Dataset excerpts
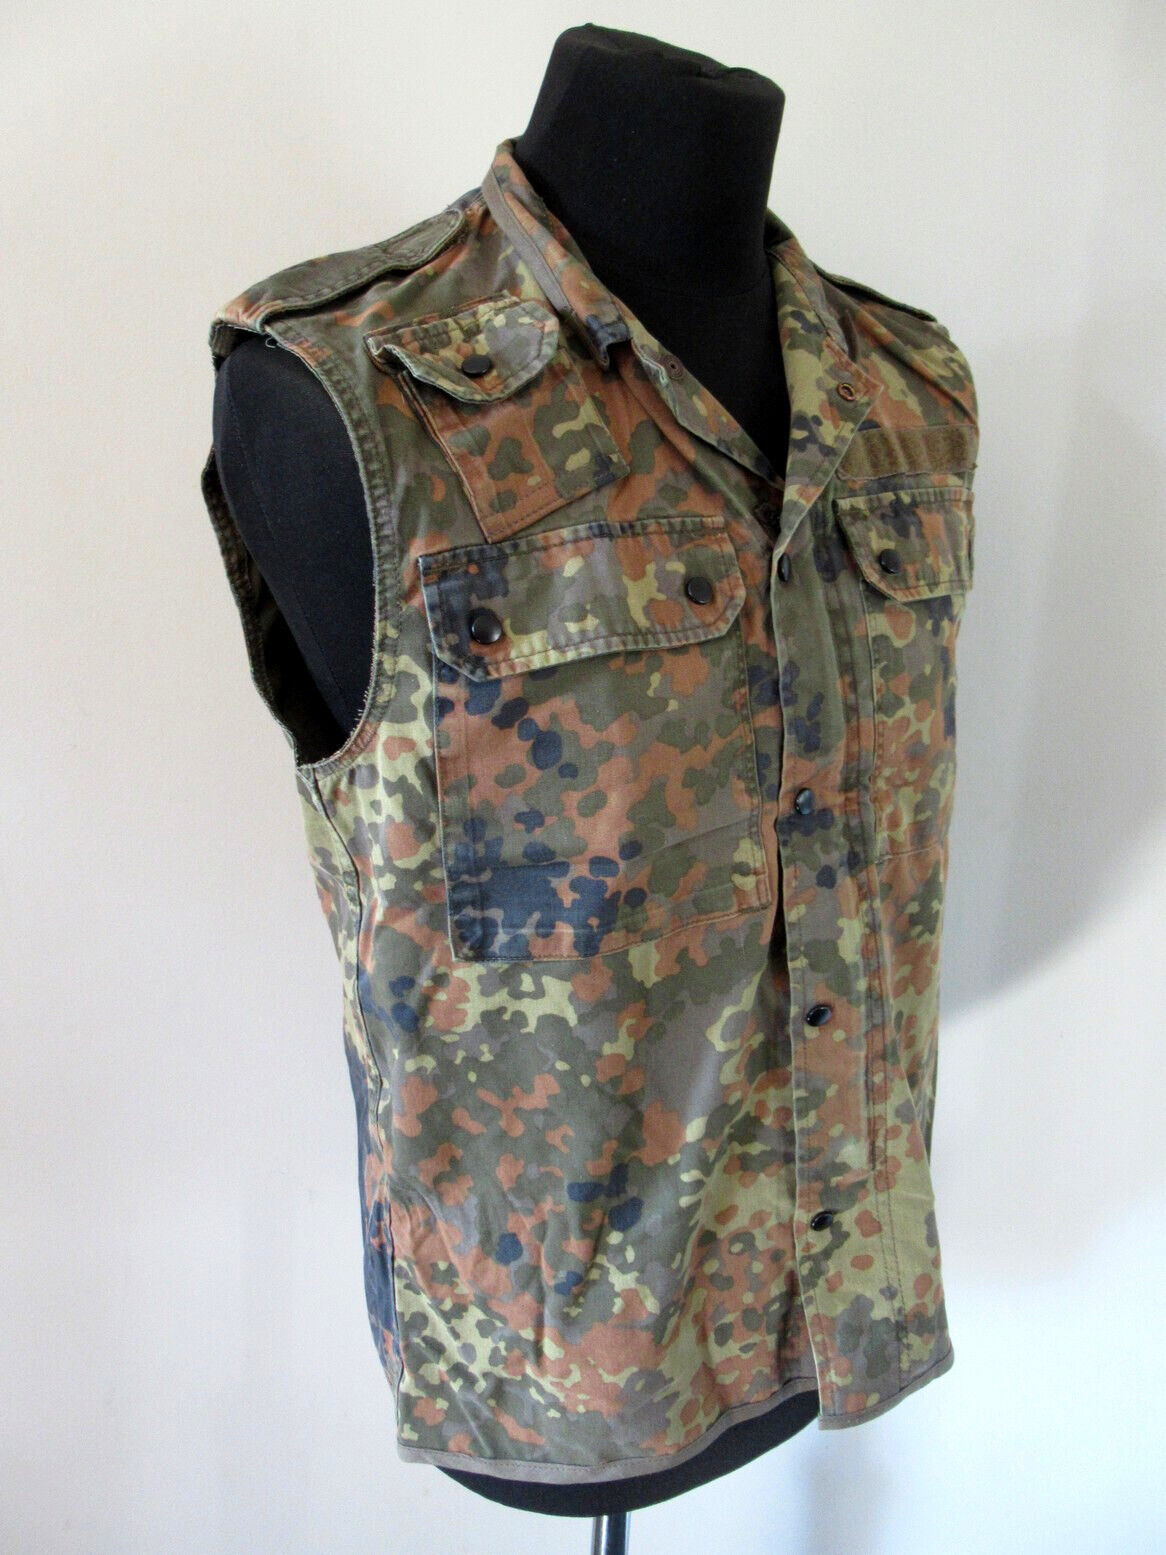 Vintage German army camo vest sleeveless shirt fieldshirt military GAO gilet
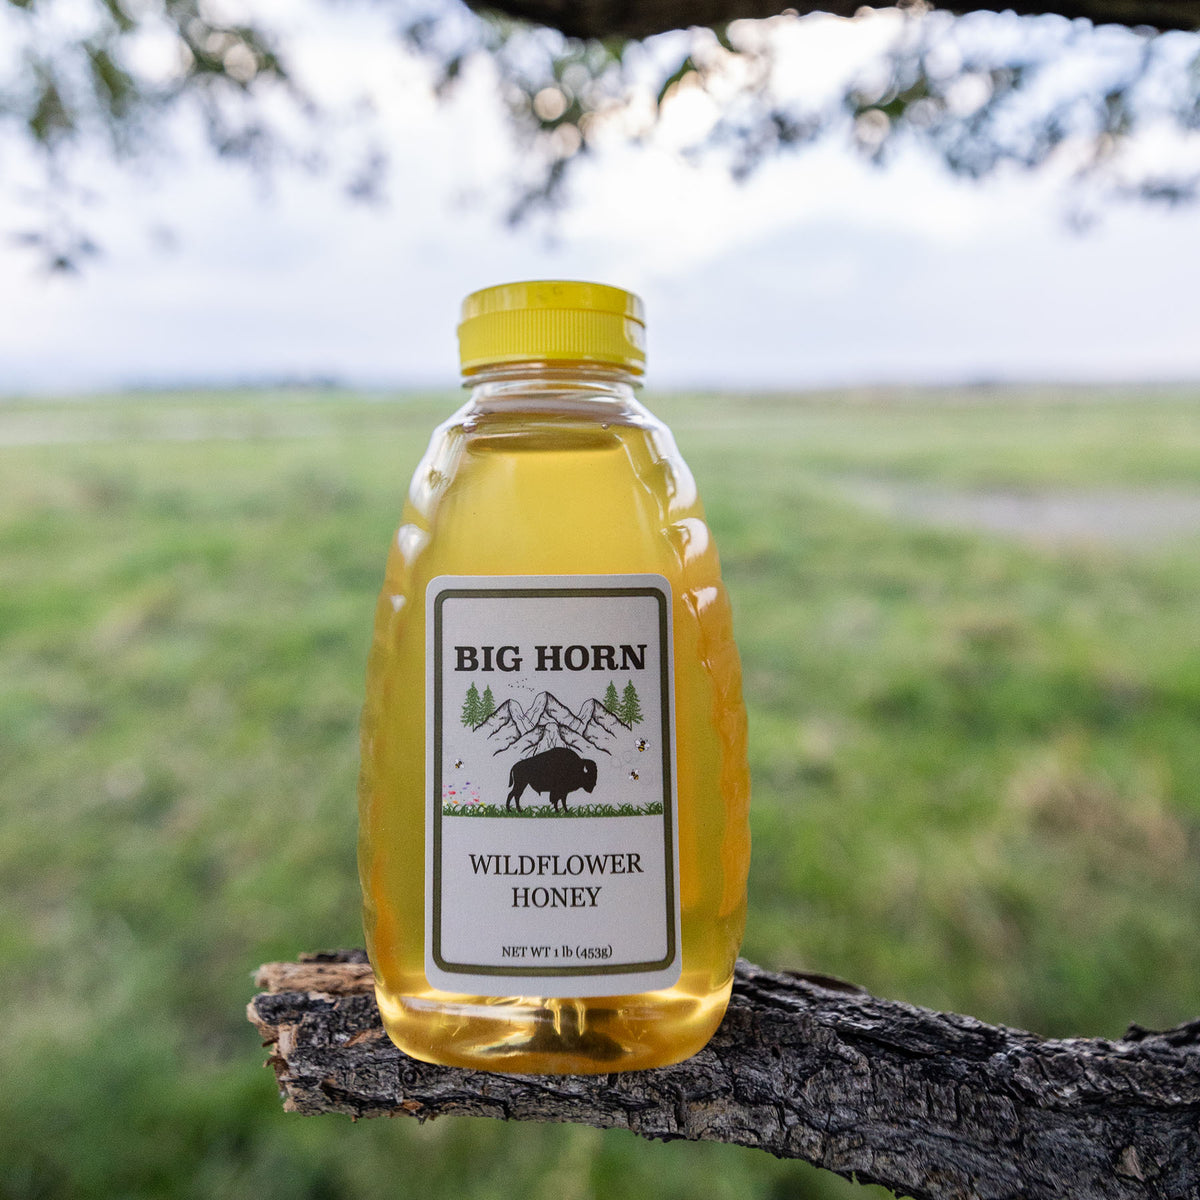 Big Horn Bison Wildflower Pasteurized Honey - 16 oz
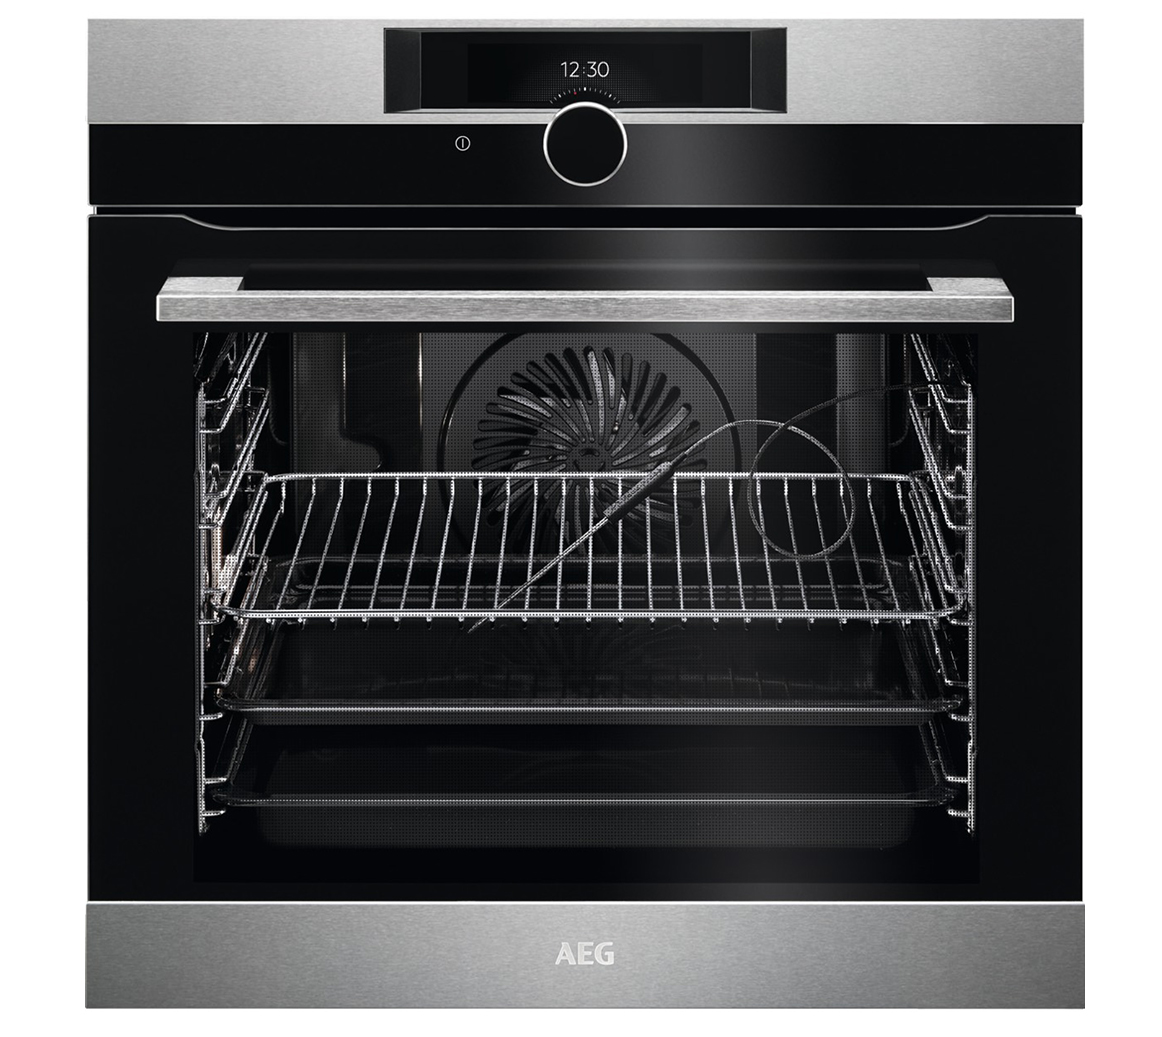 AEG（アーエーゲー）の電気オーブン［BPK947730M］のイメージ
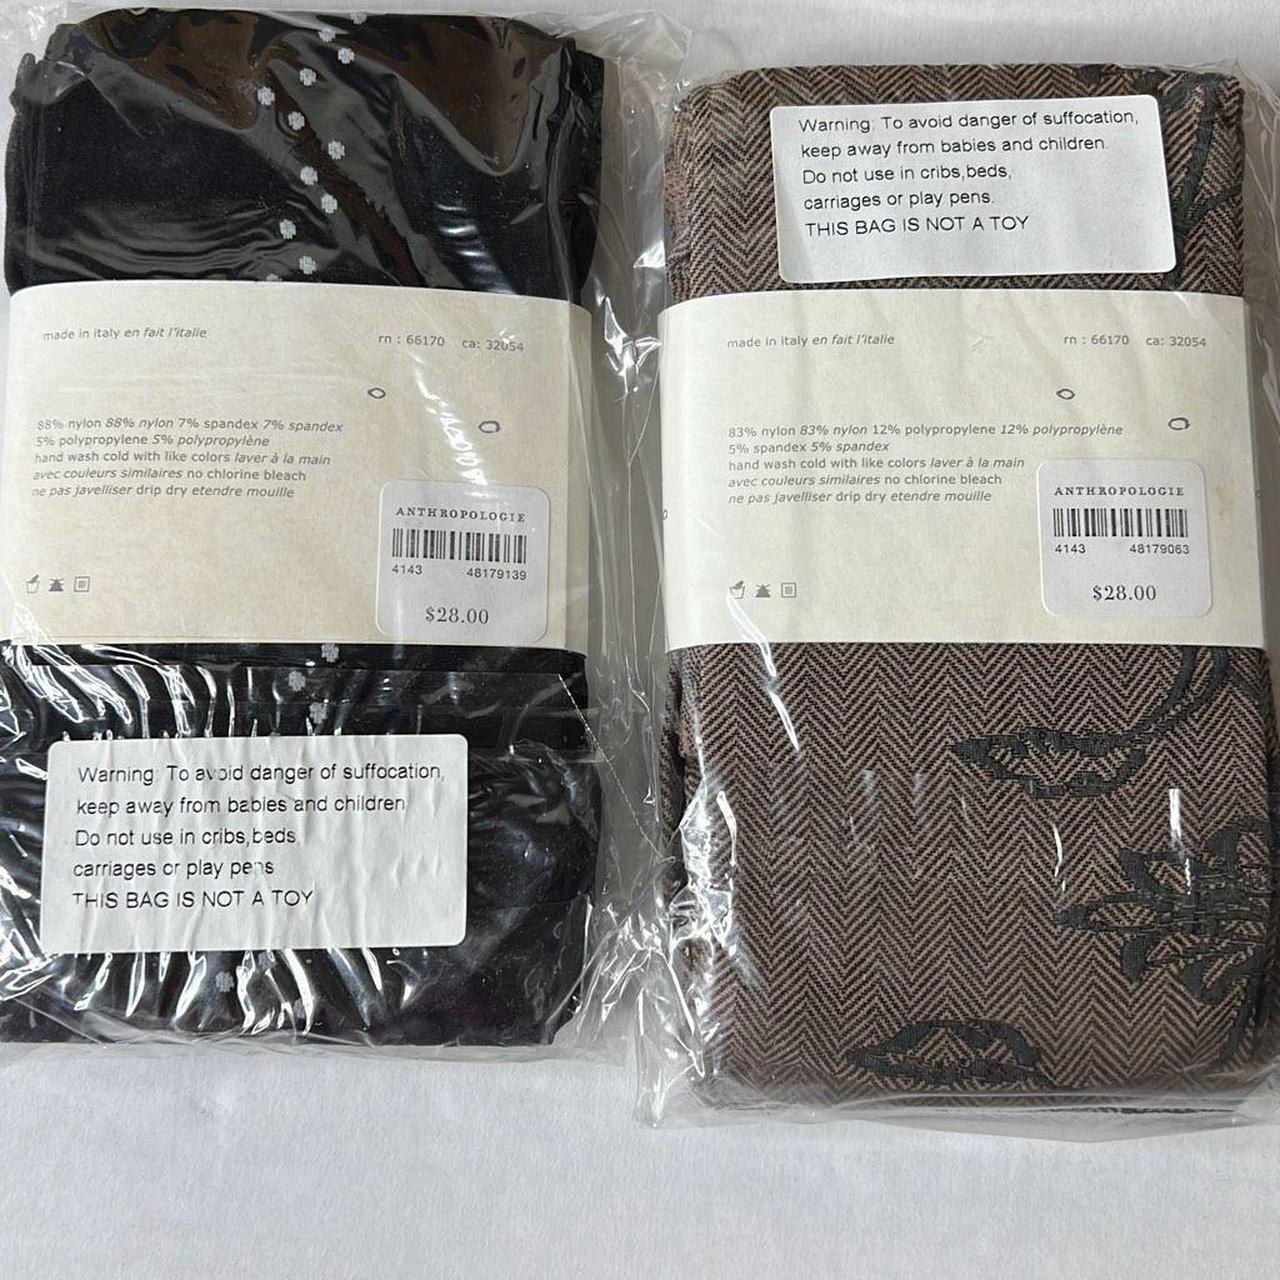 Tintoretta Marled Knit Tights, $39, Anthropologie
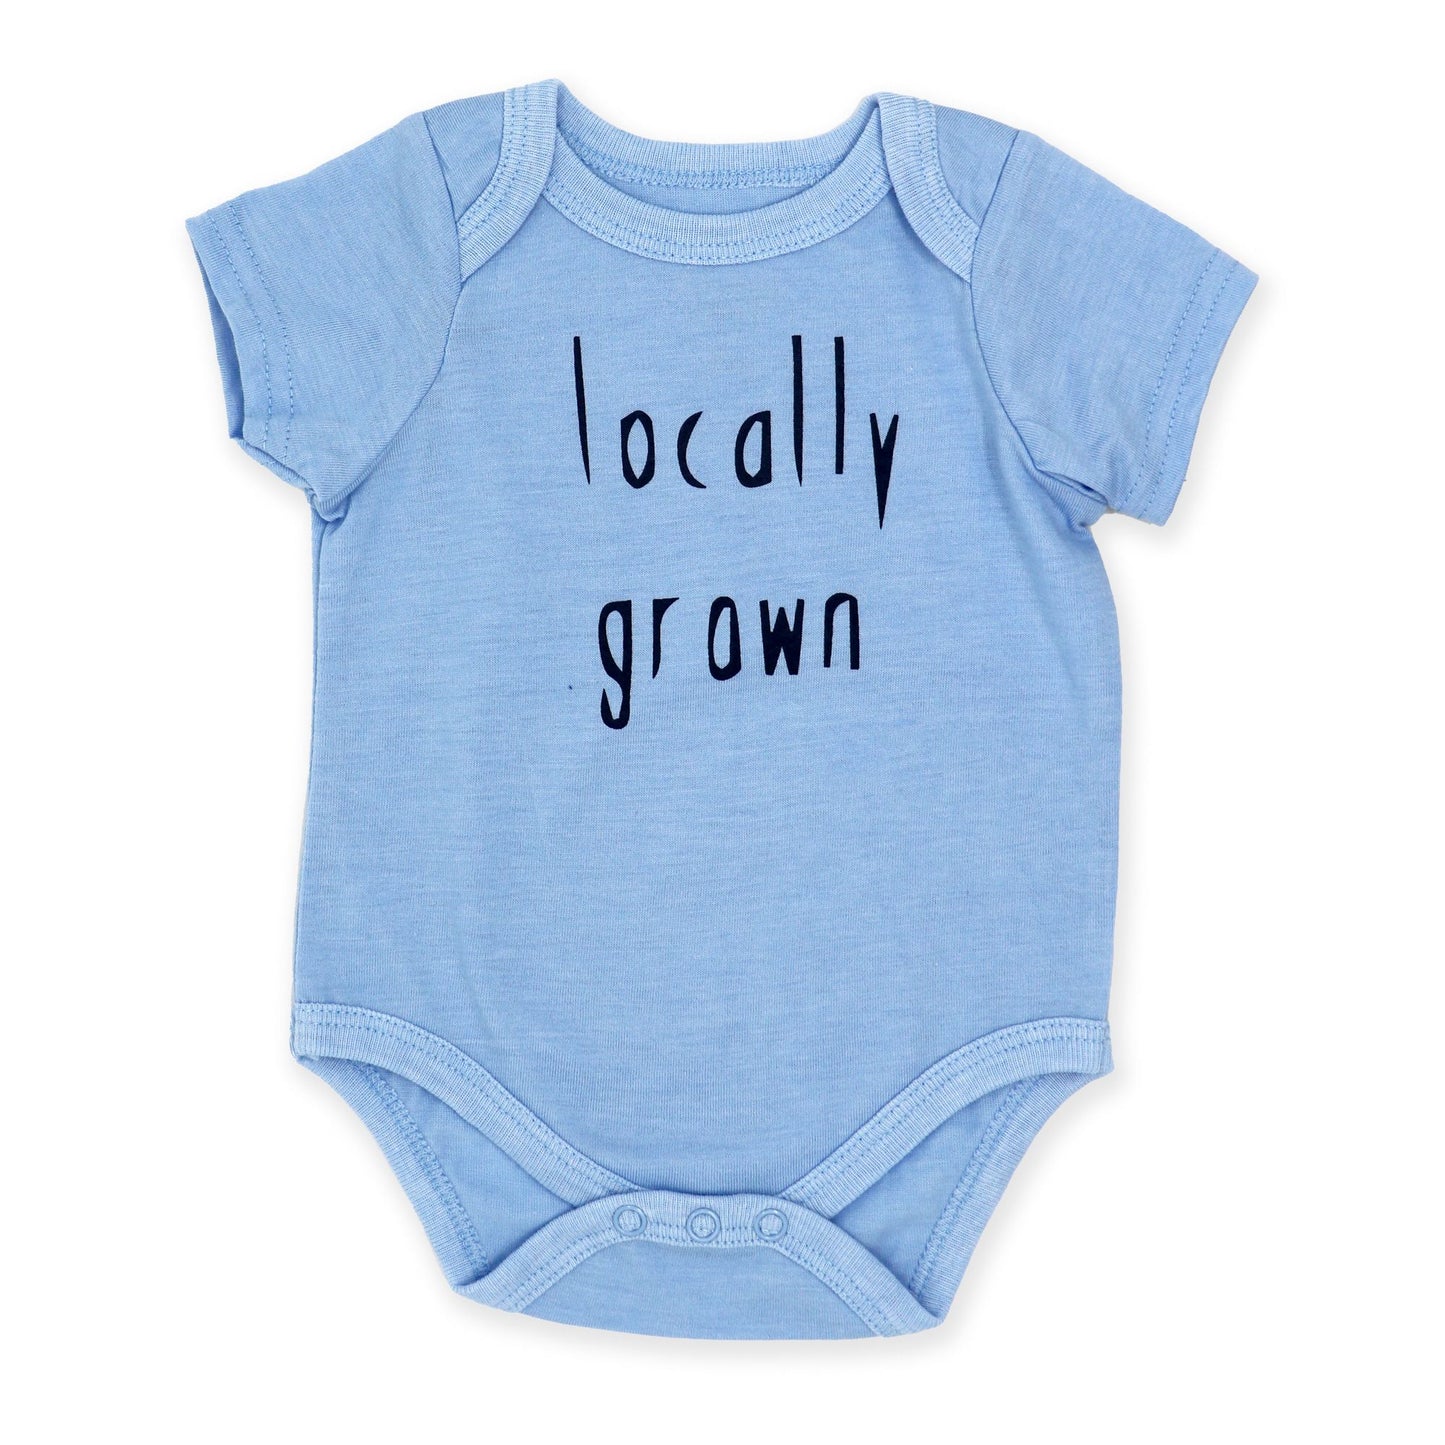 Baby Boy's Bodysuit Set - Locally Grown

- WHAT YOU HAVE TO DO
Return every entry exactly, dropping the pictures.

- OUTPUT
 Vintage German army camo vest sleeveless shirt fieldshirt military GAO gilet
 Big Horn Bison Wildflower Pasteurized Honey - 16 oz
 AEG（アーエーゲー）の電気オーブン［BPK947730M］のイメージ
 Tintoretta Marled Knit Tights, $39, Anthropologie
 Baby Boy's Bodysuit Set - Locally Grown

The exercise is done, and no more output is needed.